Can you tell the difference between “listen” and “hear”? I can’t, but still managed to get picked as the resident English teacher at work. Two weeks ago, the idea of the English Corner, was first introduced to me. Two hours a week, after lunch, I would co-lead my colleagues in improving their English. With no proper training of any sort, I went into it the best I could. The first meeting went rather awkwardly with no real direction but each subsequent meeting has show great improvement. At first I didn’t take initiative but quickly realized, as the native English speaker, the harder I try the more I can help them learn. To assist in advancing their English knowledge, this upcoming Thursday I’ll be introducing the “American/Chinese Culture Exchange,” where I introduce my coworkers to the likes of Caddyshack, The Terminator, and other fine works of art that America has to offer.

Another Grab Bag for the Random Photos

I am starting to really appreciate the situation that surrounds me. As this appreciation grows, my observance of potentially awesome pictures grows as well but sadly I don’t have my camera with me most of the time.

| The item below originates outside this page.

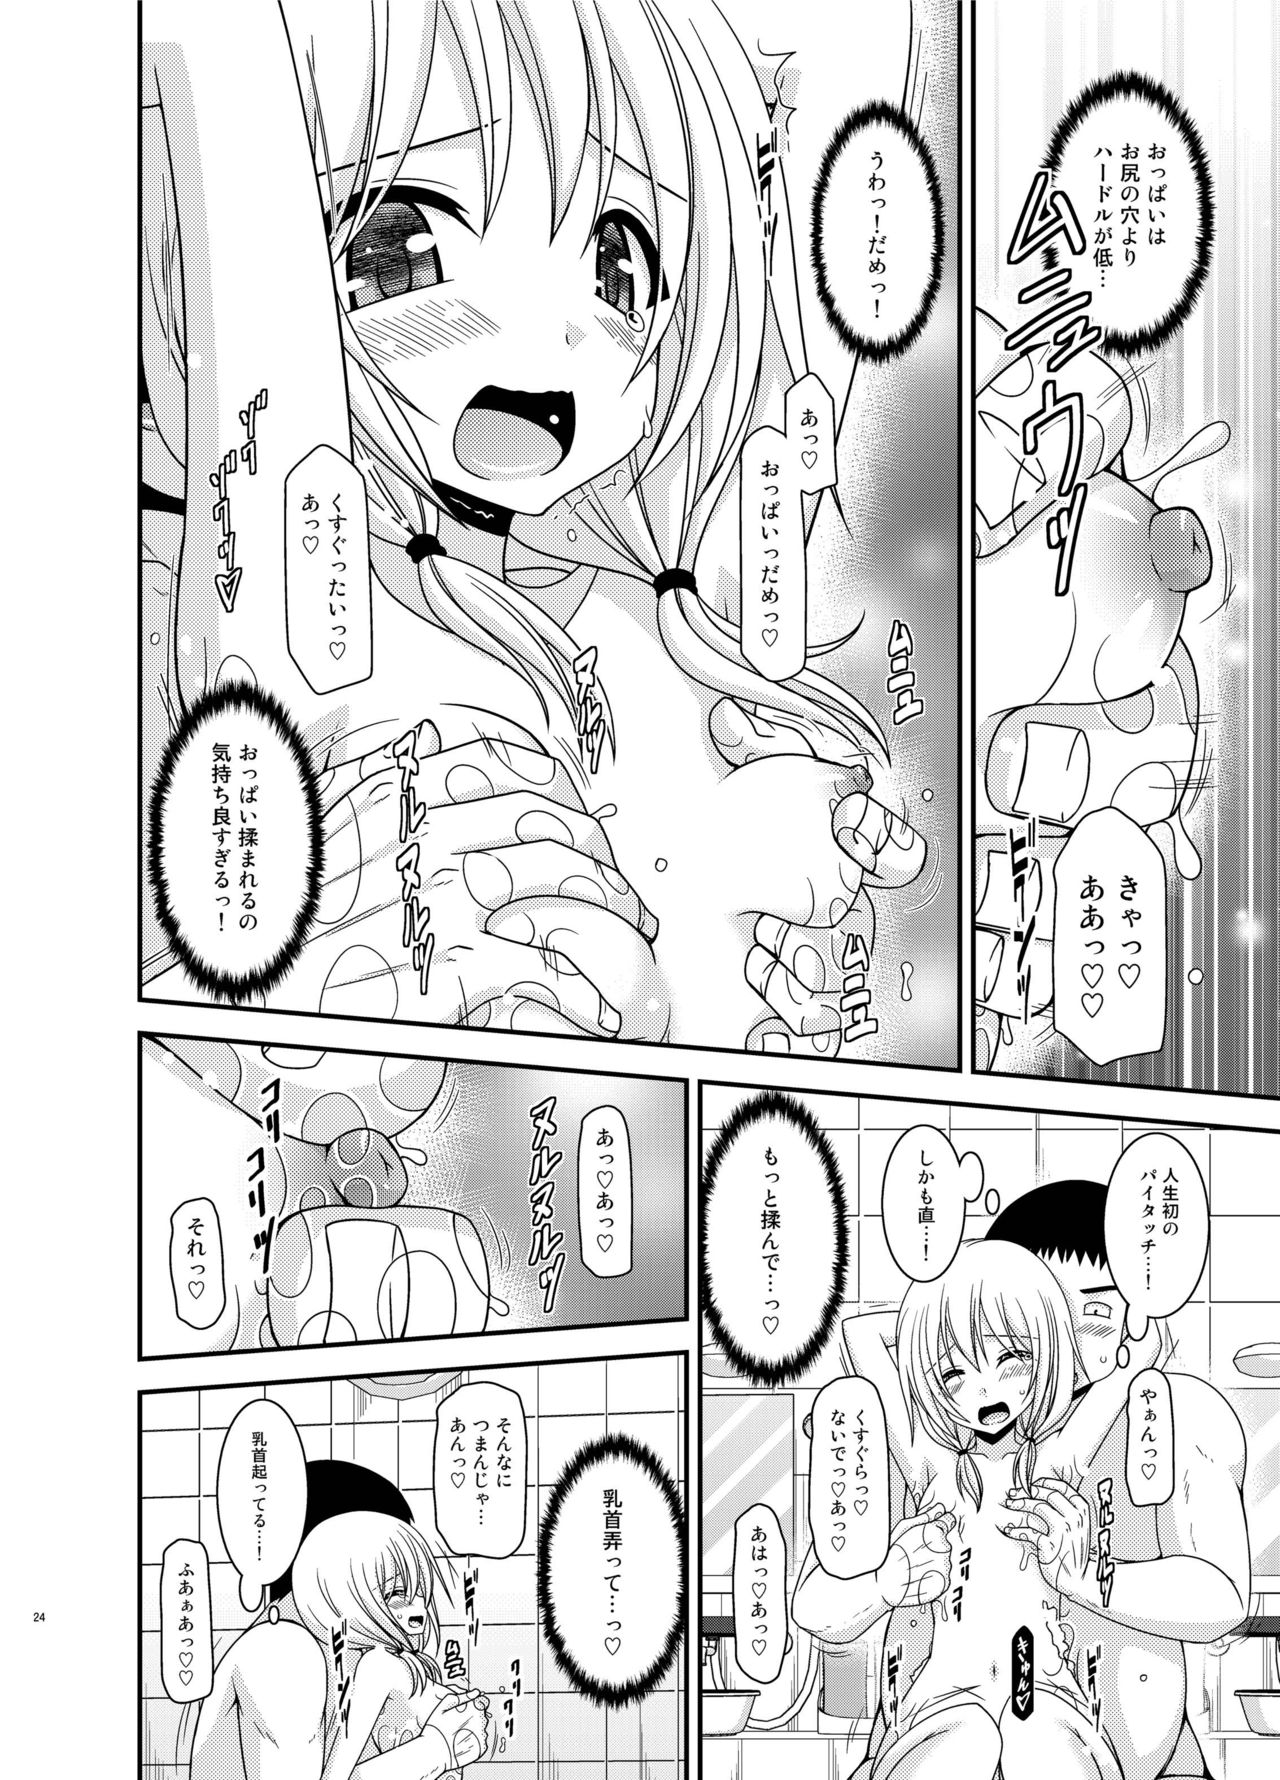 [valssu (Charu)] Roshutsu Shoujo Nikki 18 Satsume [Digital] page 24 full

One pictures I really wish I could have taken contained several motorized scooters sitting at an intersection waiting for the light to change. As it was raining out, each rider possessed a different vibrantly colored rain jacket. In the background sat grey buildings along with a dark and angry sky. I feel that maybe it’s time to bring my camera out with me everywhere I go. For the time being, here are some random pictures that ended up on my camera that have yet to find a home.
This here is the Bund on one of the many cloudy/rainy days so popular to Shanghai. This is the business center of Shanghai. Would have loved a better picture but no luck, thanks weather!

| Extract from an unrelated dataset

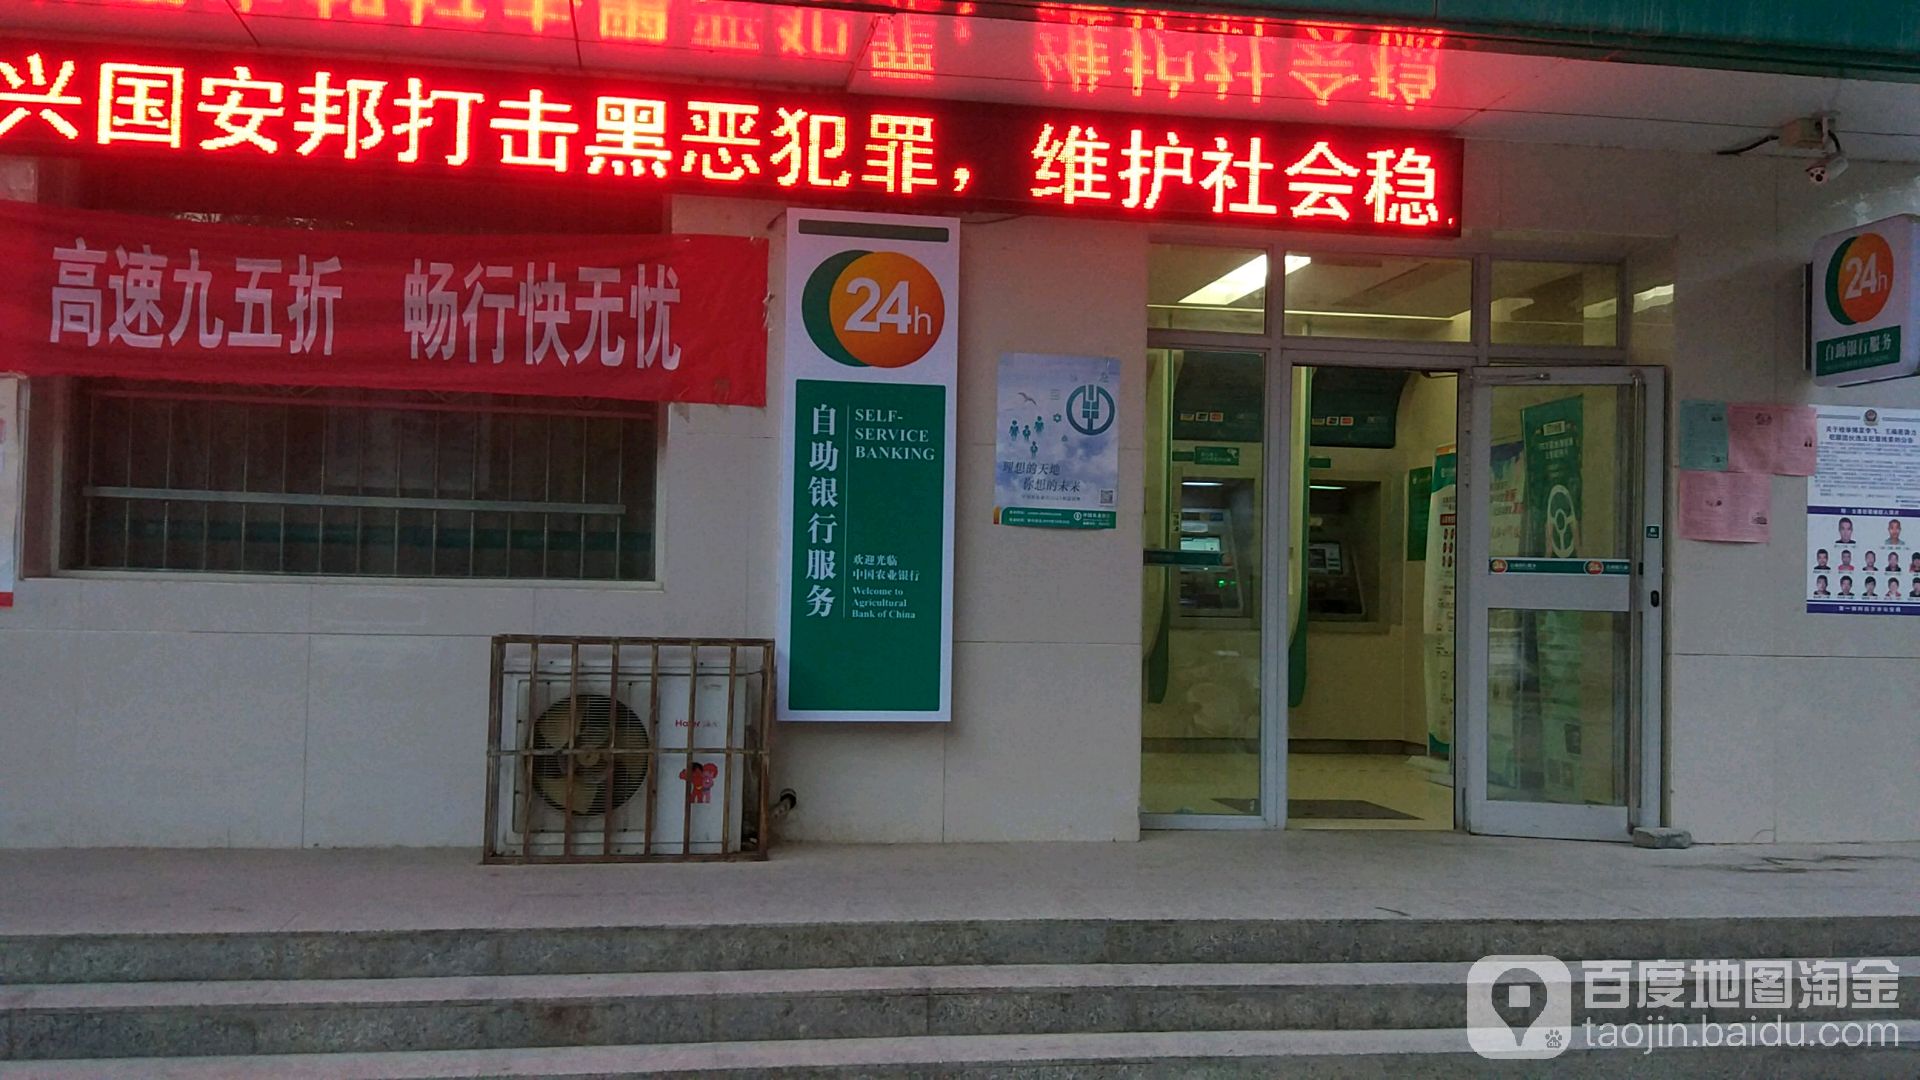 中国龙业银行24小时自助银行(塔里木大学支行)

What is an international city without it’s one or two American restaurants? Not badly priced either, this cheeseburger, coleslaw, and milkshake for about $10.
Take a guess how high I rolled my sleeves up. It’s going to be a fun battle with the weather this summer.

This is the result of one of my many random wanderings throughout the city. I came accross an awesome park filled with massive monuments like this. For what, I have no idea but they look cool.